• TASK BRIEF: Retype the listing below line for line, but only from the line with "Pub and Bar Menu / Flyer - Restaurant Flyers" down to the line with "QuadrigaCX Firm", inclusive. Pictures stay out.

• DATA EXTRACT:

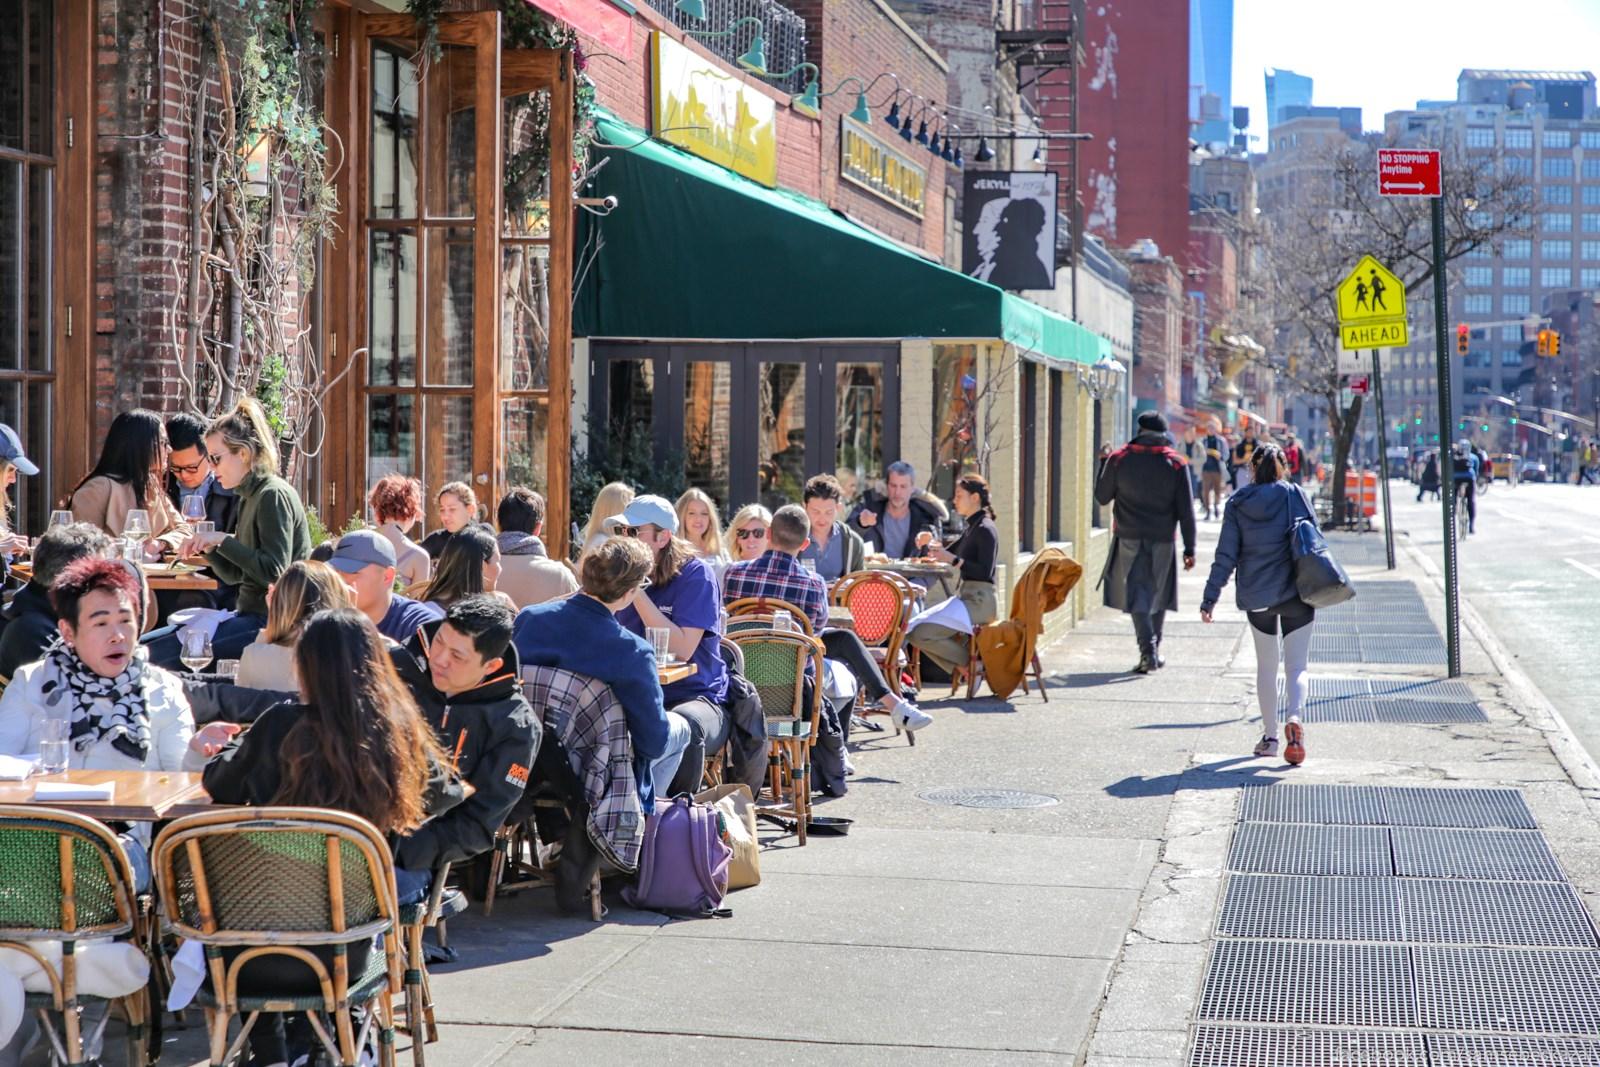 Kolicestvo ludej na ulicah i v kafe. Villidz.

--

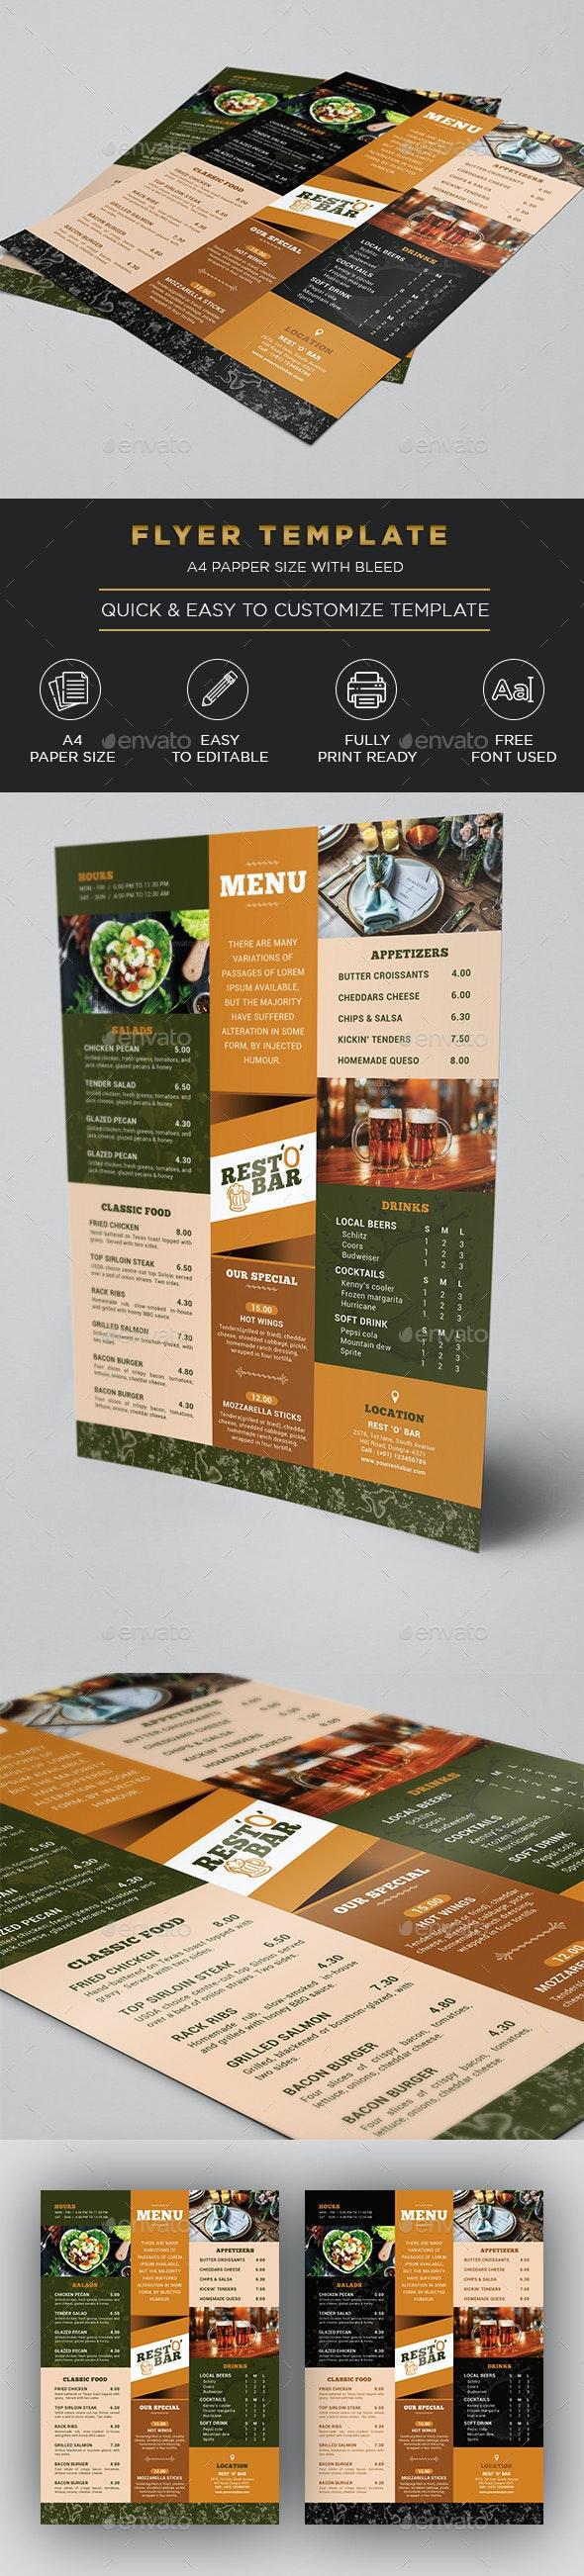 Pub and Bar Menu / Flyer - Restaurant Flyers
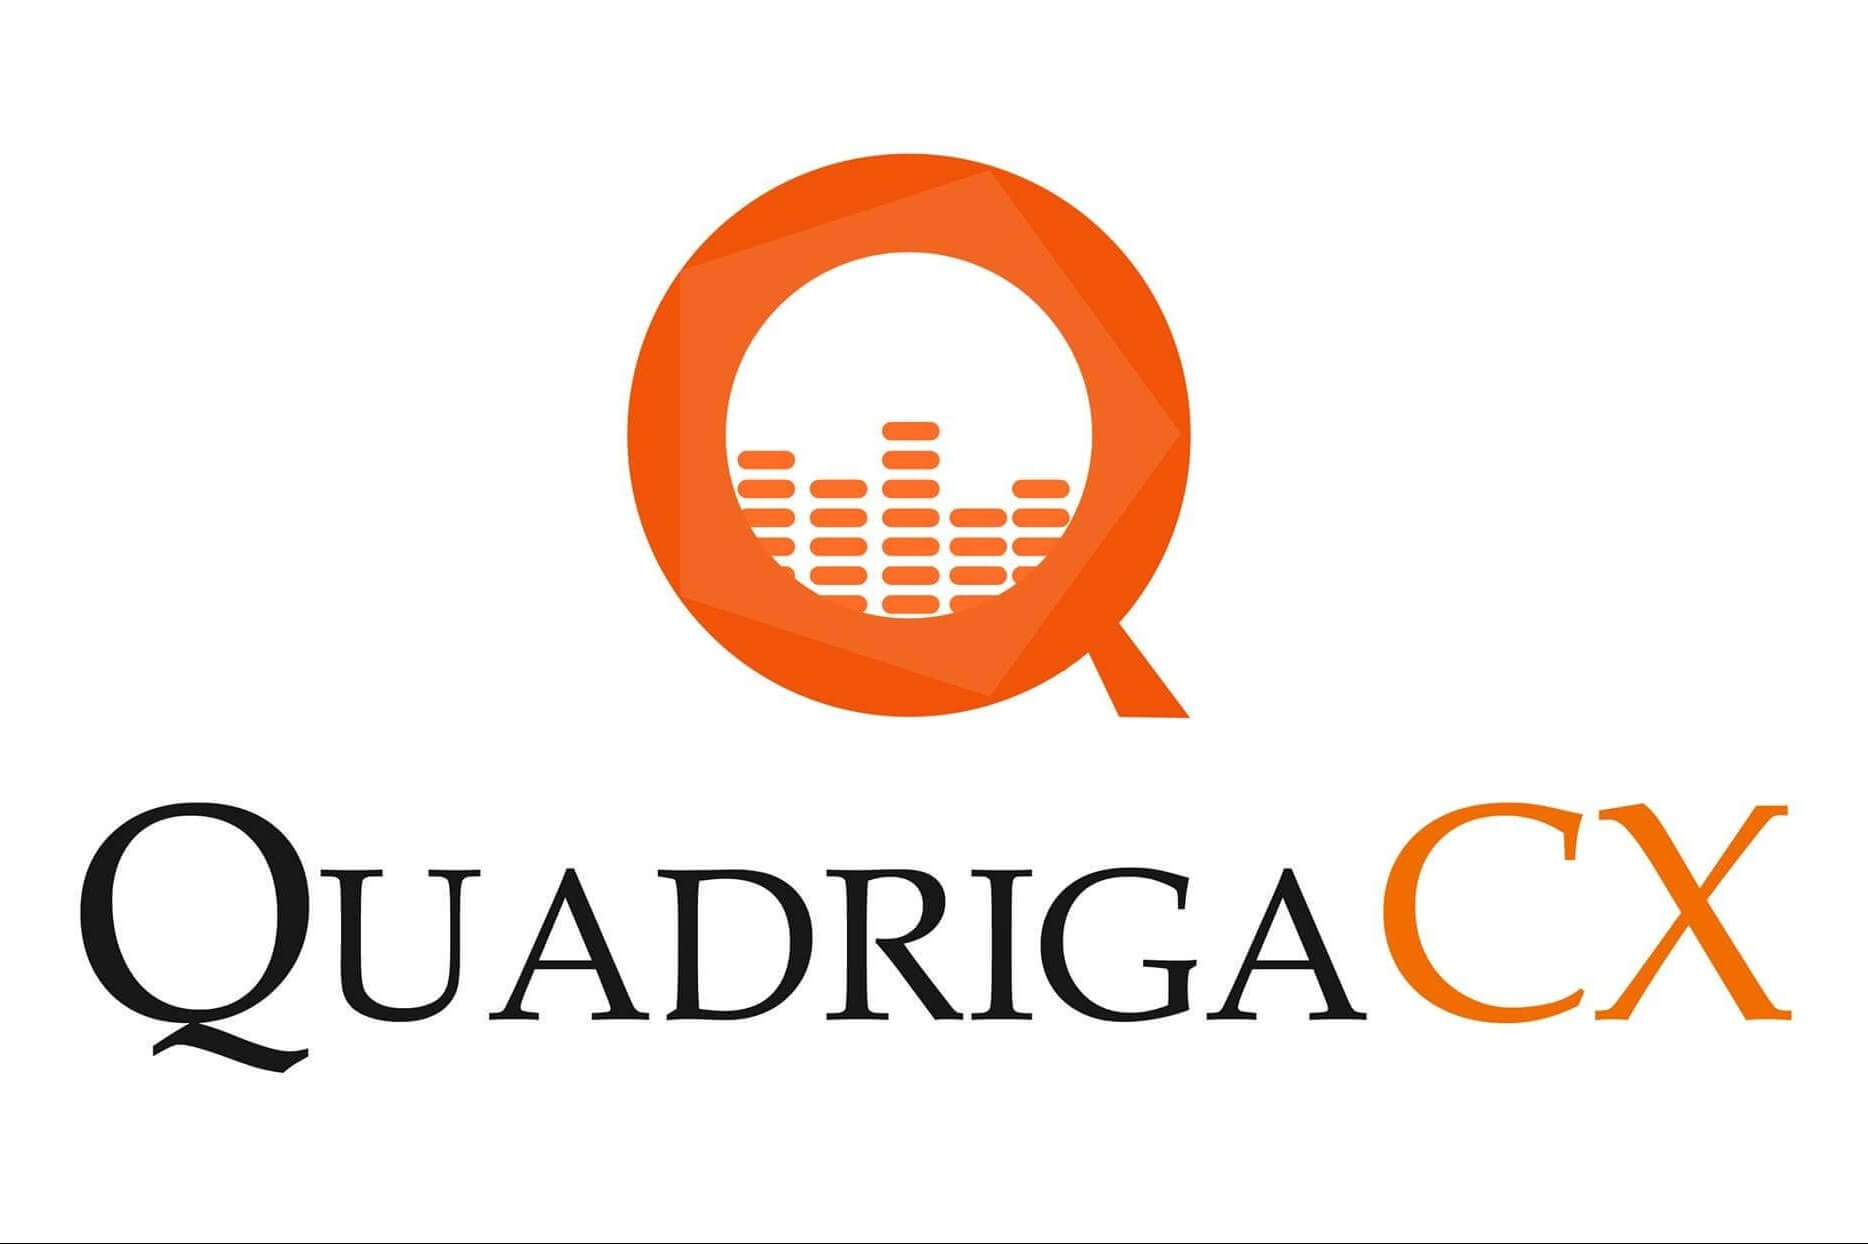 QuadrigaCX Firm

• EXERCISE SOLUTION:
 Pub and Bar Menu / Flyer - Restaurant Flyers
 QuadrigaCX Firm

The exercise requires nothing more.